Create a workbook from the bundled template:

qrla init-template data/my-survey-Q01-themes.xlsx

Keep sheet names and column headers unchanged. Full schema details: schemas.

CLI commands

The qrla command implements the end-to-end workflow:

Command Stage Description
qrla init-template Copy the bundled canonical workbook template
qrla validate Check a workbook against the template
qrla discover 1 Propose themes from response samples
qrla review-themes 1.5 Validate, extend, or retire existing themes
qrla assign 2 Assign themes to each response
qrla review-assignments 2.5 Create a tidy review sheet for filtering
qrla summarize 3 Per-model summary sheets (optional charts)
qrla export 4 Not implemented — flatten workbook to CSV/Parquet

Quick start

# Create and validate a new workbook
qrla init-template data/my-survey-Q01-themes.xlsx
qrla validate data/my-survey-Q01-themes.xlsx

# Stage 1 — discover themes from responses
qrla discover data/my-survey-Q01-themes.xlsx \
  --question-id SURVEY_2025_Q01 \
  --model openai/gpt-5.5 \
  --max-themes 30 \
  -v

# Stage 2 — assign themes (run once per model for multi-model comparison)
qrla assign data/my-survey-Q01-themes.discovered.openai_gpt_5_5.xlsx \
  --question-id SURVEY_2025_Q01 \
  --model openai/gpt-5.4-mini \
  -v

# Stage 3 — summarise assignments for human review
qrla summarize data/my-survey-Q01-themes.discovered.openai_gpt_5_5.xlsx \
  --question-id SURVEY_2025_Q01 \
  --chart auto \
  -v

Common options:

  • --question-id — must match a row in the question sheet
  • --model — OpenRouter model id (e.g. openai/gpt-5.5, anthropic/claude-sonnet-4.6)
  • --max-themes — cap on themes discovered or assigned per response
  • --context-column — optional column on the question sheet with domain-specific coding guidance
  • -v / -vv — progress stats; -vv also prints prompts and raw LLM output

See the workflow spec for the full stage-by-stage process.

Model guidance

Typical choices (via OpenRouter — pass the model id to --model):

  • Discovery / theme review: capable frontier models — e.g. openai/gpt-5.5, anthropic/claude-sonnet-4.6, google/gemini-3.1-pro-preview, x-ai/grok-4.3, mistralai/mistral-large-2512
  • Assignment: faster, cheaper models — e.g. openai/gpt-5.4-mini, anthropic/claude-haiku-4.5, google/gemini-3.5-flash, x-ai/grok-build-0.1, mistralai/mistral-small-2603

Run several assignment models and compare results before final human coding.

Theme status values

Status Meaning
candidate Proposed by LLM; needs review
candidate-add Suggested new theme
candidate-retire Suggested retirement
active Approved; used in assignment
retired Historical; excluded from prompts

Documentation

Contributing

  1. Fork and branch (e.g. feature/stage2-improvements)
  2. Follow PEP 8; use type hints and docstrings
  3. Keep README.md and docs/ in sync when changing behaviour
  4. Do not commit survey data or API keys
  5. Run tests locally with pytest before opening a PR (CI runs the same checks on GitHub Actions)

Releasing

Production releases use PyPI trusted publishing.
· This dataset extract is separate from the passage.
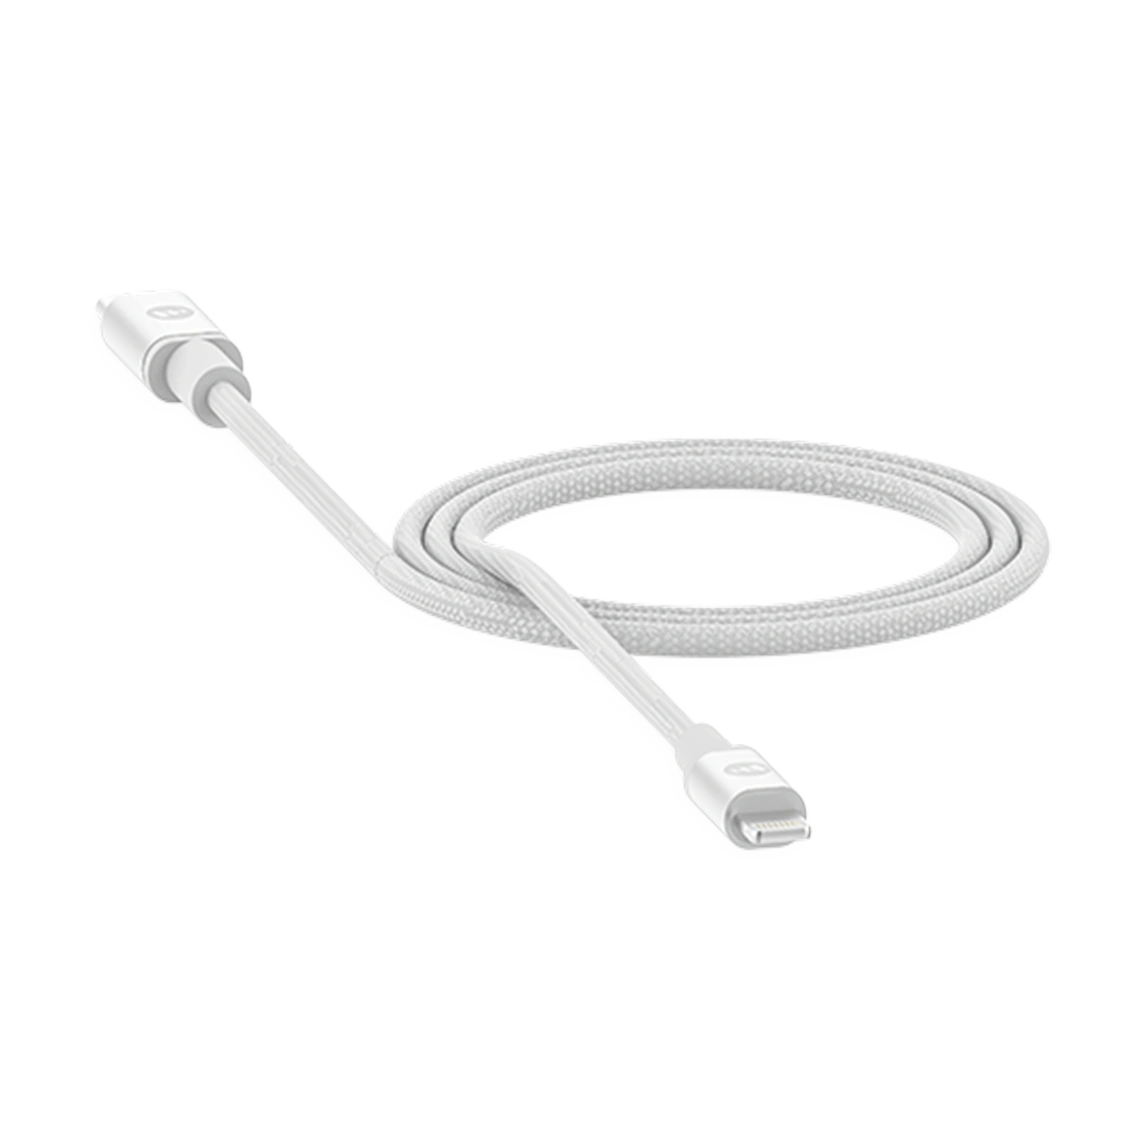 Mophie USB-C to Lightning Cable 1.8m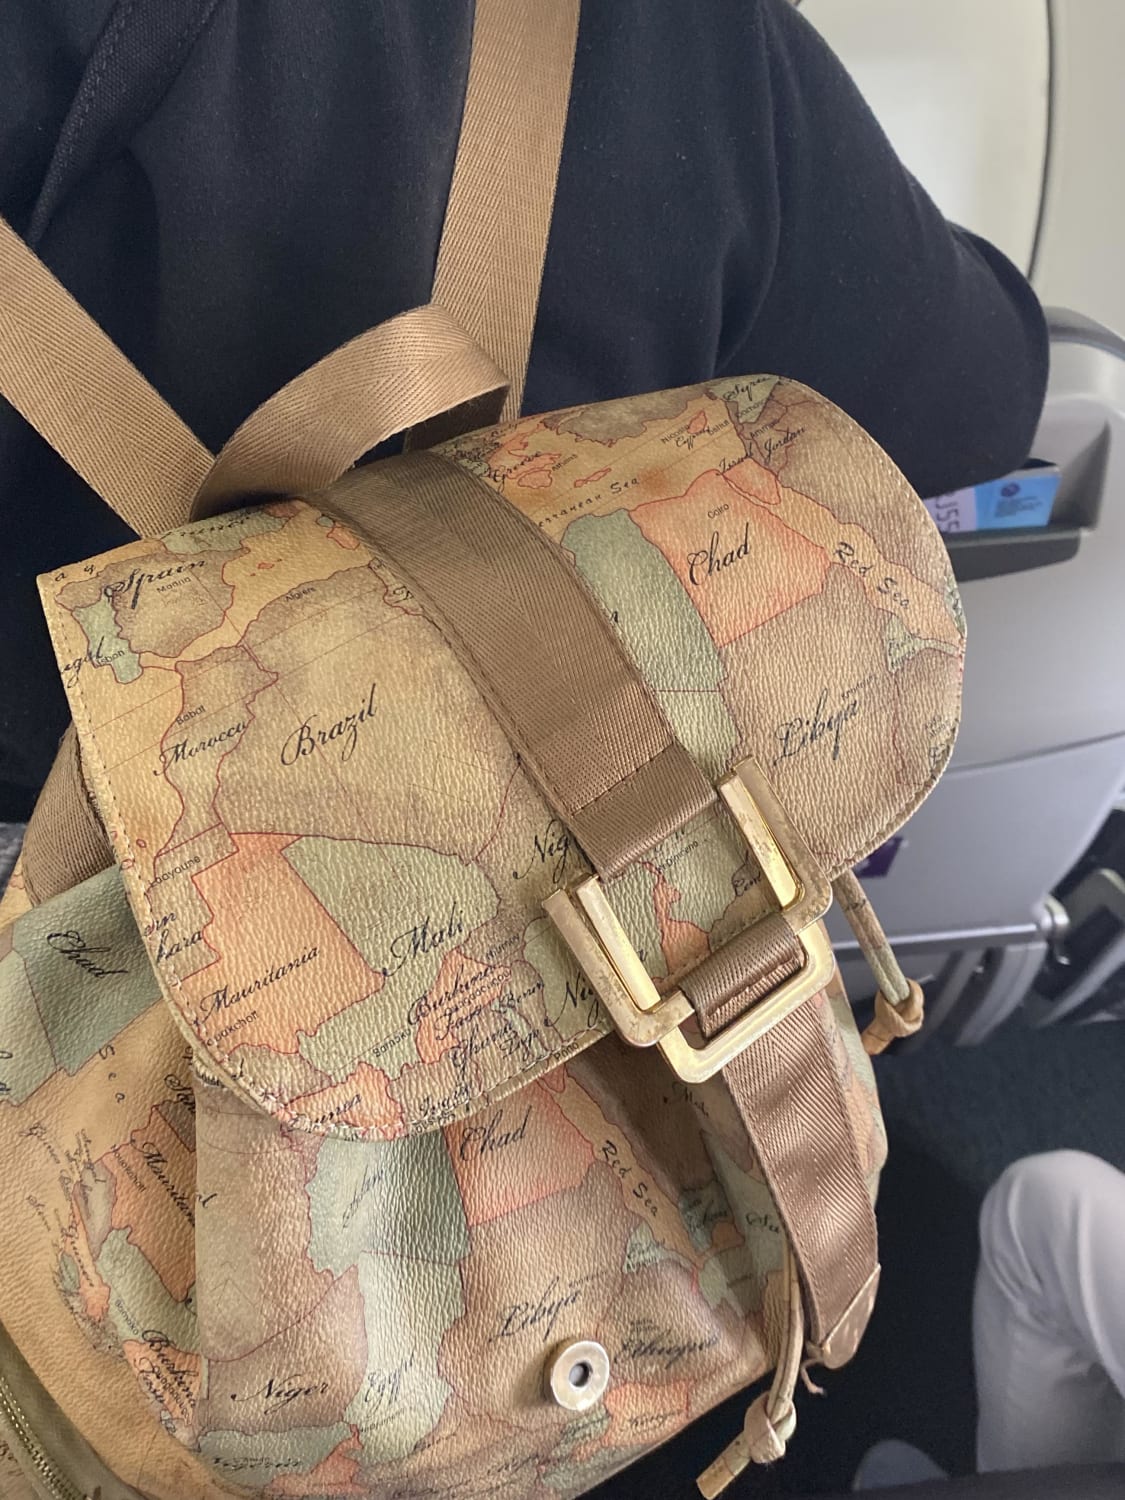 This hilarious map on a backpack

TestPyPI uses the same mechanism for dry runs before the first real upload.

One-time setup

  1. Create an account at test.pypi.org (separate from production PyPI).
  2. Enable 2FA on both TestPyPI and production PyPI.
  3. Add a trusted publisher on each site (Account settings → Publishing, or project settings after the first upload):
    • TestPyPI: workflow test-release.yml, environment testpypi (optional but recommended)
    • Production PyPI: workflow release.yml, environment pypi (optional but recommended)
  4. In GitHub: Settings → Environments — create testpypi and pypi if you want approval gates before publish.

Dry run on TestPyPI

Use this before tagging a production release.

  1. Ensure version in pyproject.toml is the version you want to test (TestPyPI allows re-upload only if you bump the version or delete the file).
  2. Push your branch to GitHub.
  3. Open Actions → Test Release → Run workflow and start the run.
  4. Install from TestPyPI (dependencies still come from production PyPI):
python -m venv .venv-test
source .venv-test/bin/activate   # Windows: .venv-test\Scripts\activate
pip install -i https://test.pypi.org/simple/ \
  --extra-index-url https://pypi.org/simple/ \
  qualitative-response-llm-analyst
  1. Smoke-test the install:
qrla --help
qrla init-template /tmp/test-workbook.xlsx
qrla validate /tmp/test-workbook.xlsx
  1. When satisfied, update CHANGELOG.md, bump version in pyproject.toml, commit, then tag and push:
git tag v0.1.1
git push origin v0.1.1

That triggers Release (release.yml), which publishes to PyPI and creates a GitHub Release with notes and attached sdist/wheel.

Install from production PyPI:

pip install qualitative-response-llm-analyst

Git tag vs GitHub Release

A git tag (v0.1.0) triggers the release workflow and PyPI upload. A GitHub Release is the page users see under Releases with notes and downloadable assets. From v0.1.1 onward, release.yml creates both automatically.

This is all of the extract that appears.